Конечно, здесь, ведь я вам необходим. Понимаете, ведь если бы не я, о ком вы бы писали эти комментарии на форуме? И не написав этого комментария на форуме, не выплеснув немножечко своего внутреннего содержимого, вы, возможно, задохнулись бы от него, задохнулись бы в собственной вони. А так вот я послужил вам спасением. И, конечно, жизнь моя уже этим оправдана.
«Макаревич отказался покидать Россию, сославшись, что дышит тут вольно и глубоко, — по-моему, вы неточно его цитируете. — А как ваши планы? — Ну как? Я тоже планирую дышать тут вольно и глубоко. — Почему бы не поработать в Афроукраине, как Мотя?»

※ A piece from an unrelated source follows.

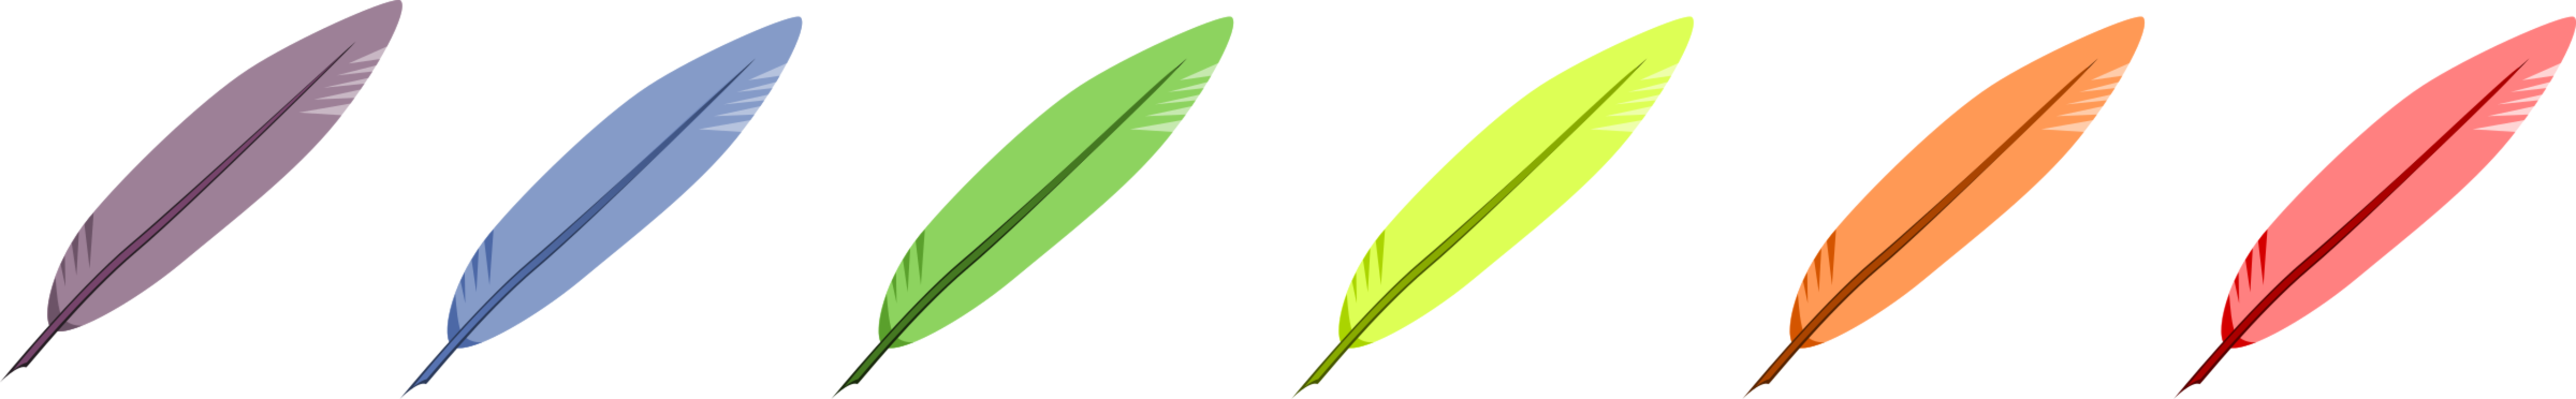 Angle,Wing,Leaf
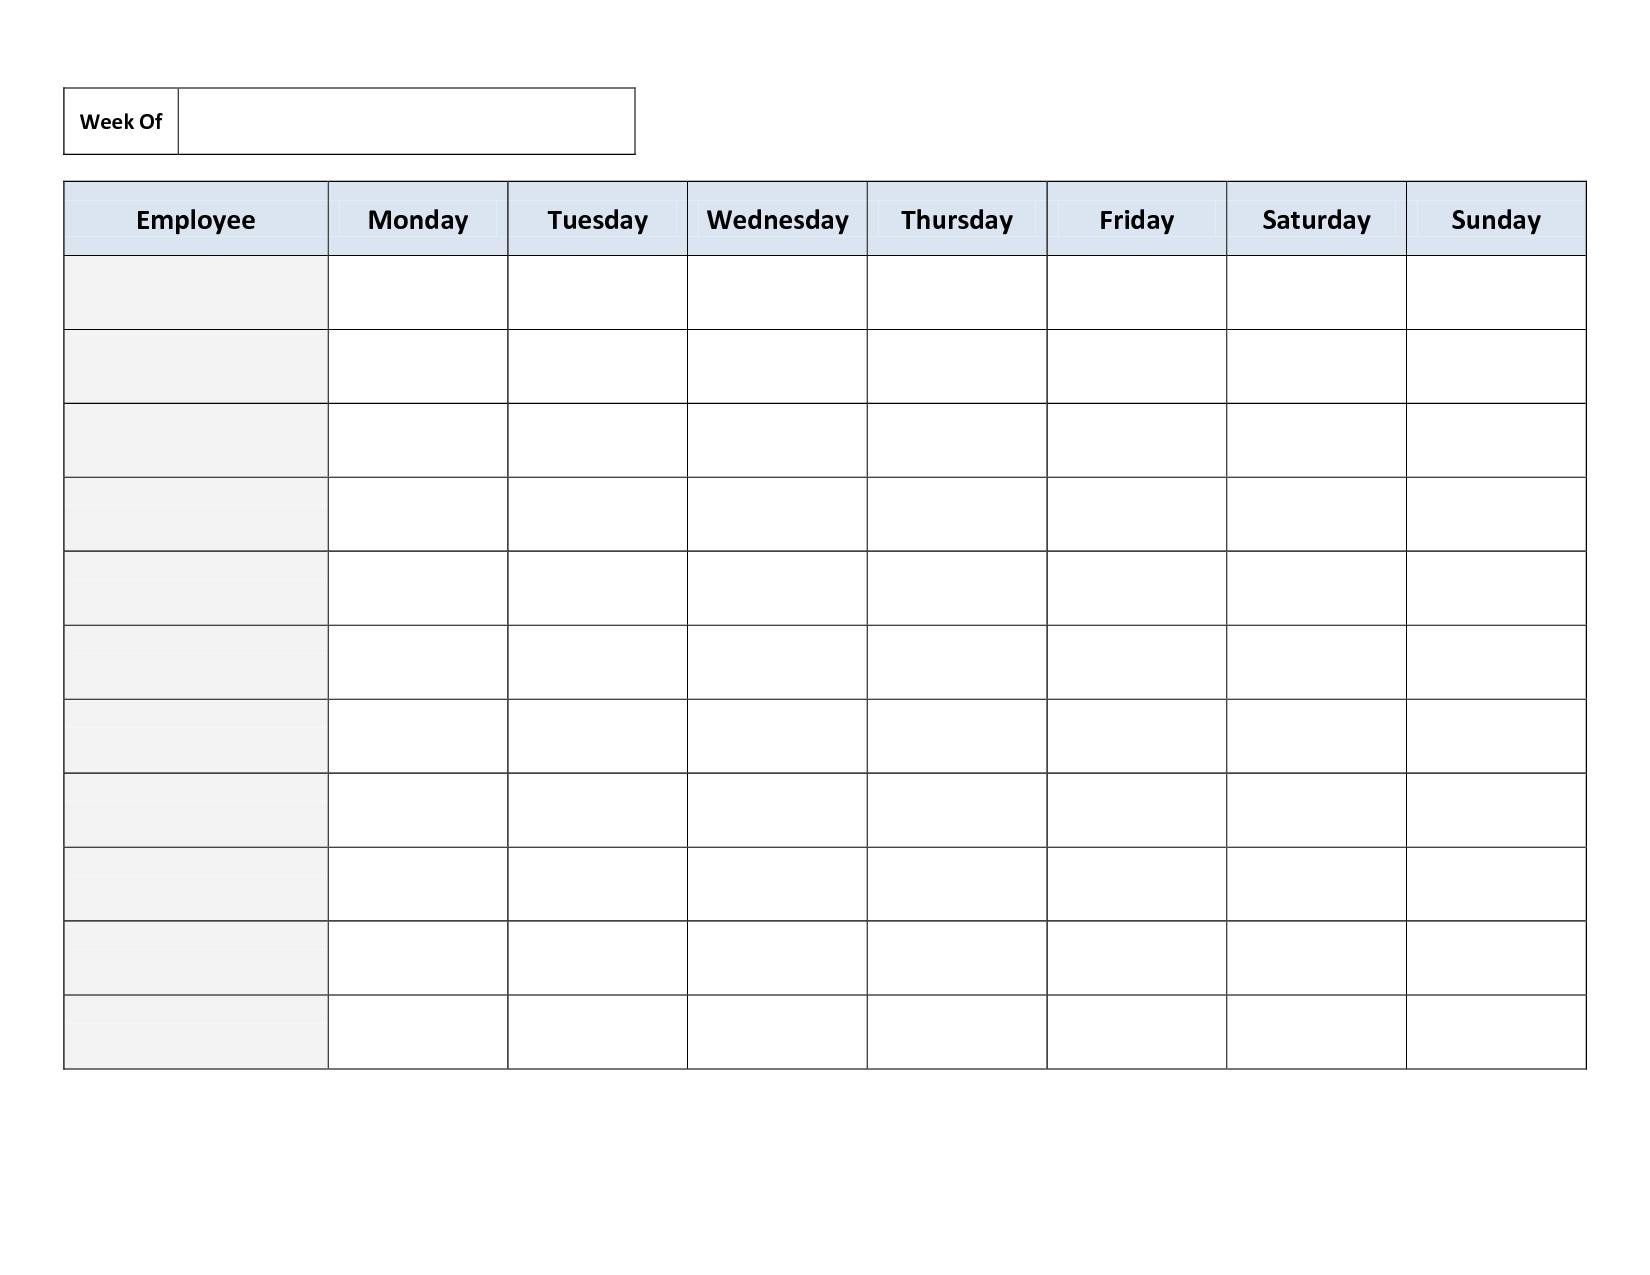 Blank Weekly Work Schedule Template | Schedule | Cleaning Schedule - Free Printable Blank Weekly Schedule

Не знаю, что такое Афроукраина. Догадываюсь, что Мотя — это Ганапольский. Не думаю, что вы пили с ним на брудершафт. Хочется повторить вам слова любимого автора: «Не волнуйтесь — я уехал. Не надейтесь — я и не уеду!» Как говорил в своё время Лев Александрович Аннинский: «Меня отсюда вынесут только вперёд ногами».
«Спасибо за интересное времяпрепровождение, — вам тоже. — Как справиться или не впасть в разочарование от неуспехов детей в учёбе и отсутствии интереса к чему-либо?»